Centostazioni Spa
- Type: Subsidiary
- Industry: Rail transport
- Founded: 8 February 2001
- Defunct: 16 July 2018
- Fate: Merged with Rete Ferroviaria Italiana (RFI)
- Headquarters: Rome, Italy
- Key people: Roberto Mannozzi, President Sara Venturoni, CEO
- Products: Rail transport, transport, Services, more...
- Revenue: € 82,538,000 (2015)
- Parent: Ferrovie dello Stato
- Website: www.centostazioni.it

= Centostazioni =

Subsidiary of Italian company Ferrovie dello Stato

Centostazioni S.p.A. (100 Stations) was a subsidiary of Italian holding company Ferrovie dello Stato Italiane. The company was created to redevelop and manage 103 medium-sized Italian railway stations.

==History==
The company was founded in 2001 as Medie Stazioni S.p.A. (Medium Stations).
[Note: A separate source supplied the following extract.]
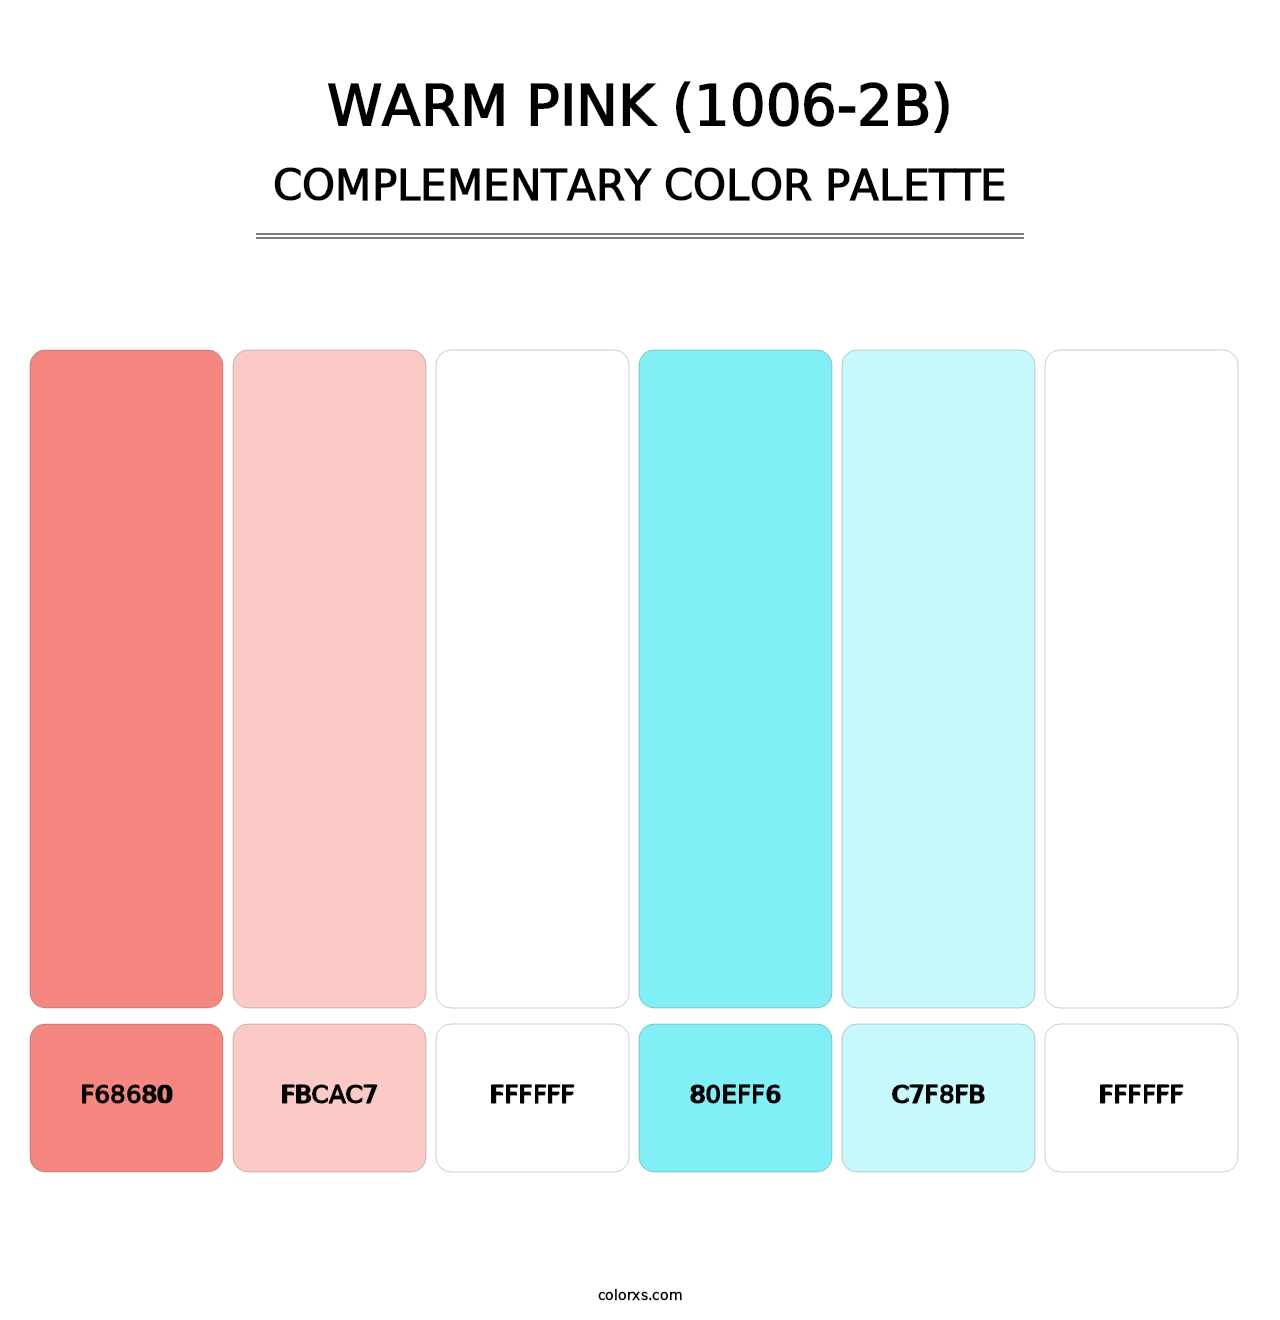 Warm Pink (1006-2B) - Complementary Color Palette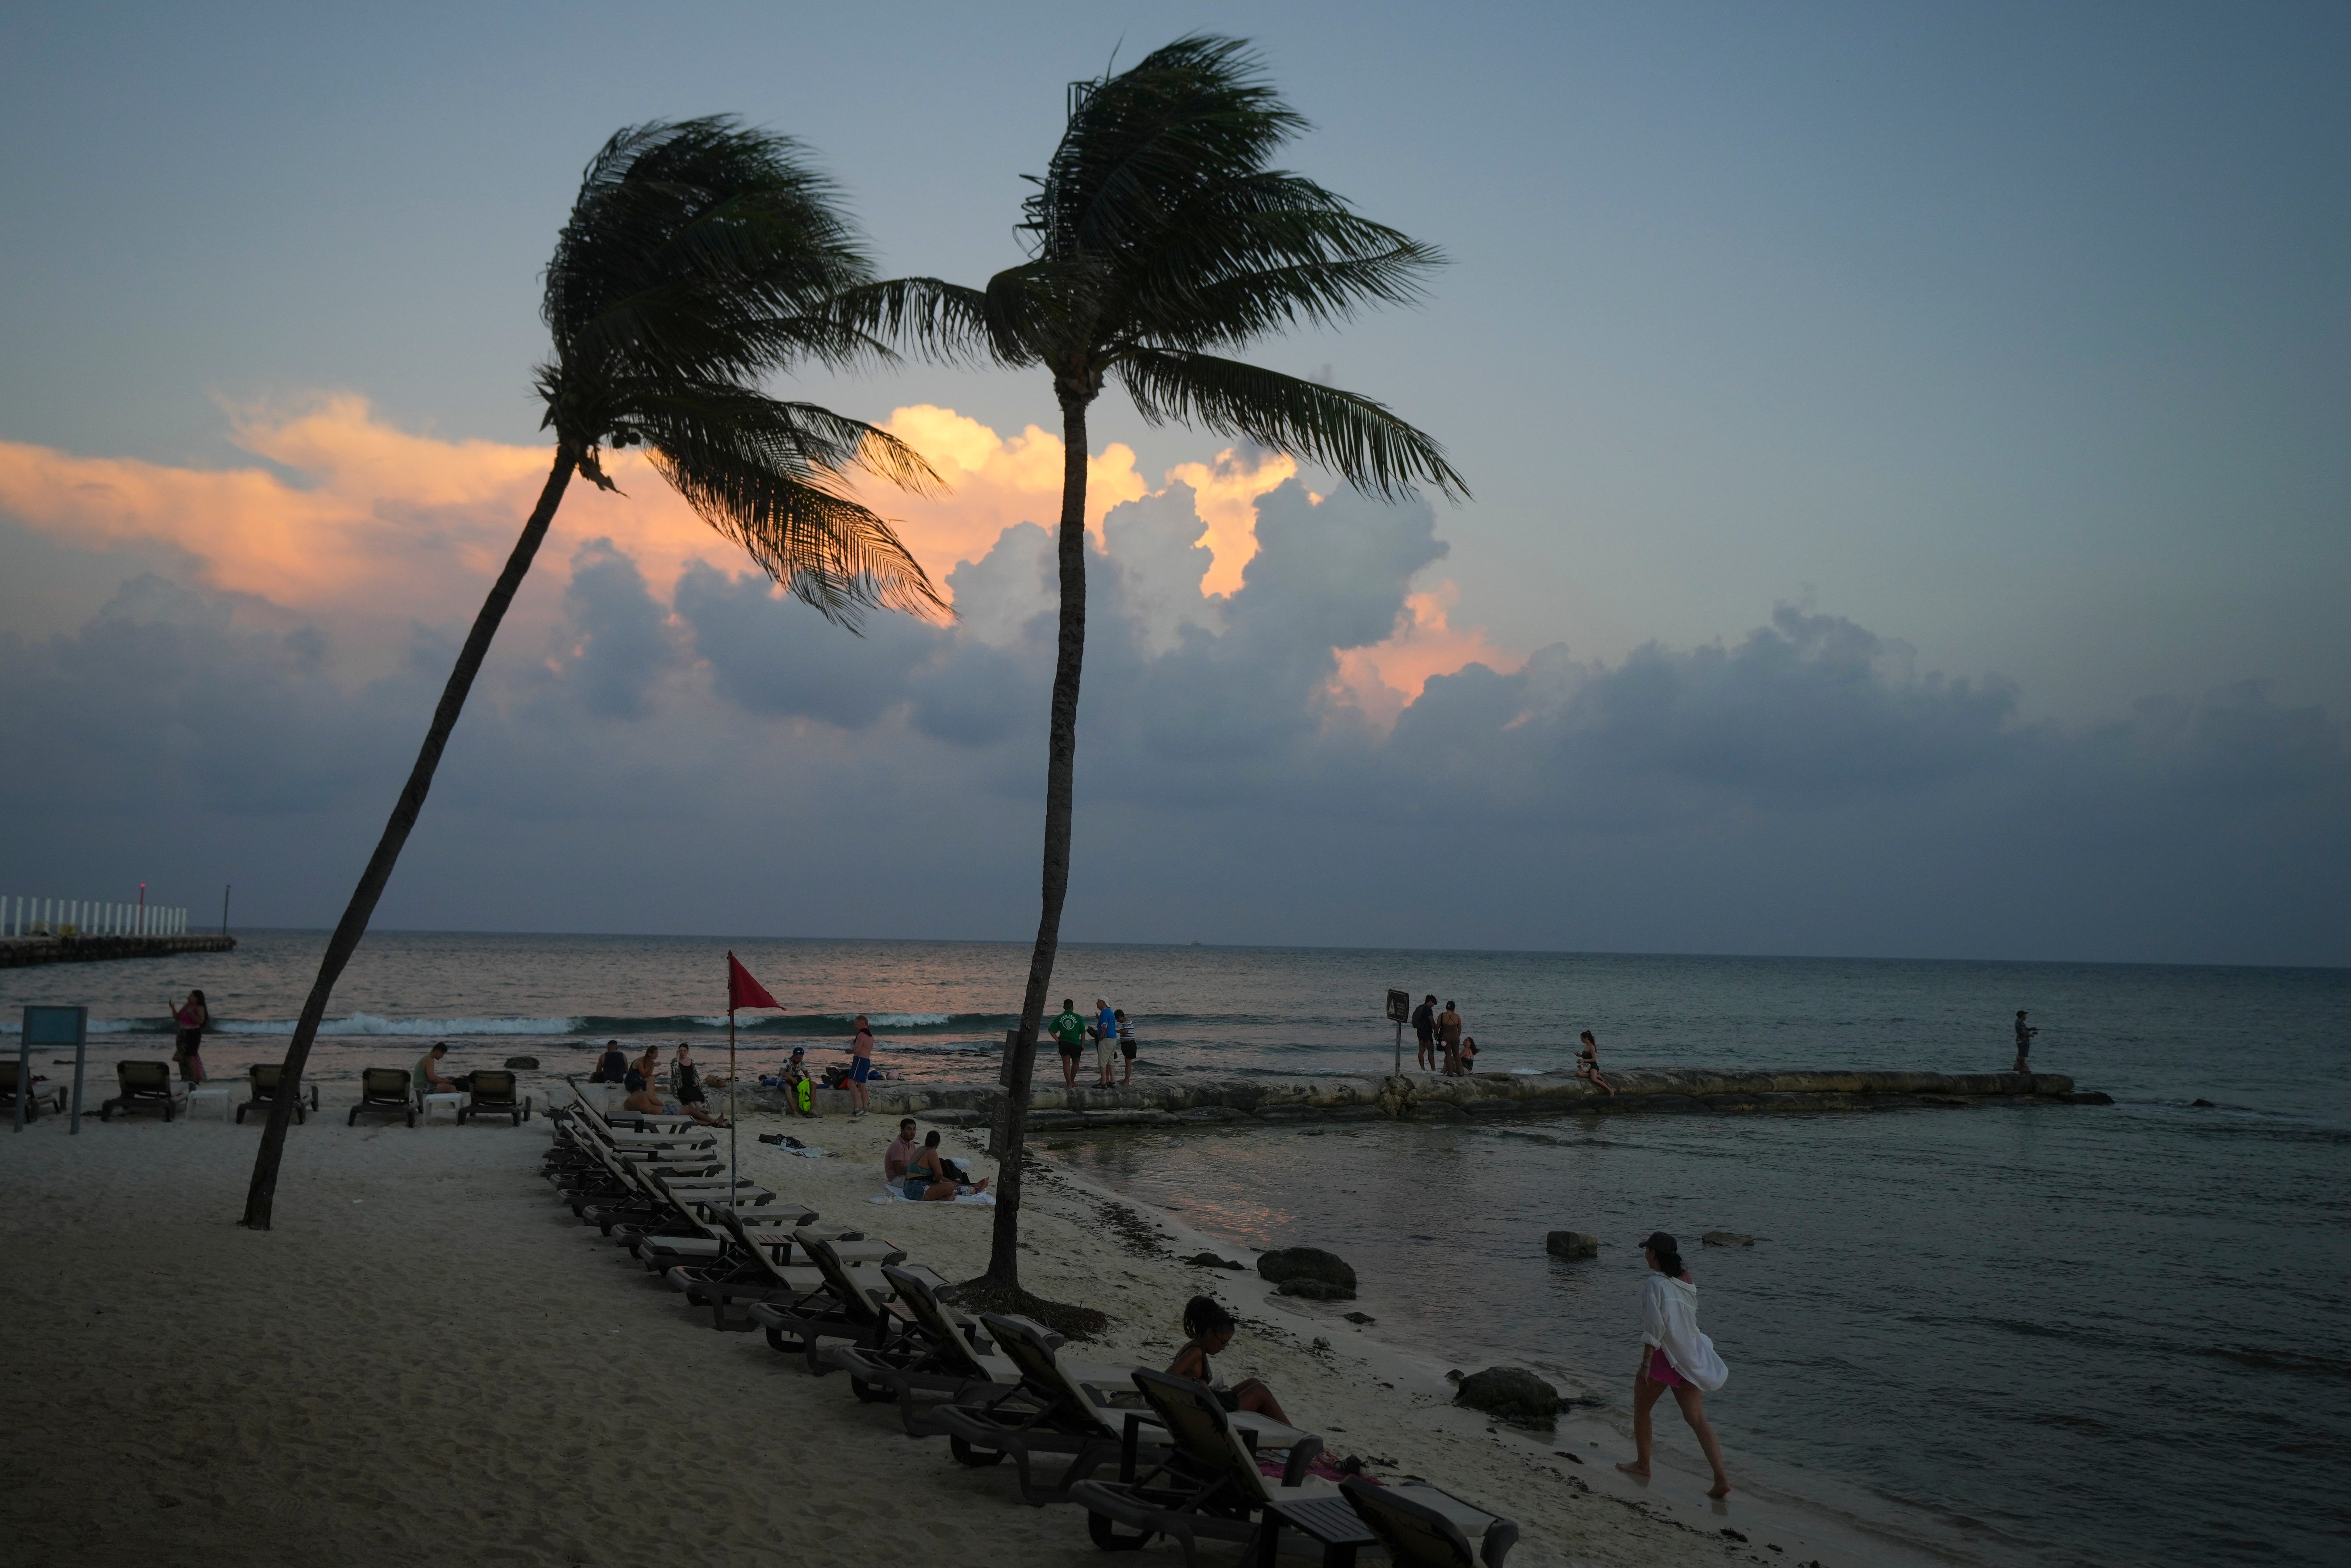 People lounge on the beach as the sun sets ahead of Hurricane Beryl’s expected arrival, in Playa del Carmen, Mexico

A private consortium (Archimede) acquired a 40% stake in 2002. The shareholders in Archimede are Società Aeroporto di Venezia S.p.A. with 40.5%, Manutencoop S.c.a.r.l. with 40.5%, Investimenti Immobiliari Lombardi S.p.A. with 15%, and Pulitori ed Affini S.p.A. with 4%.

In 2019 100% of the companies shares were sold to Altarea SCA.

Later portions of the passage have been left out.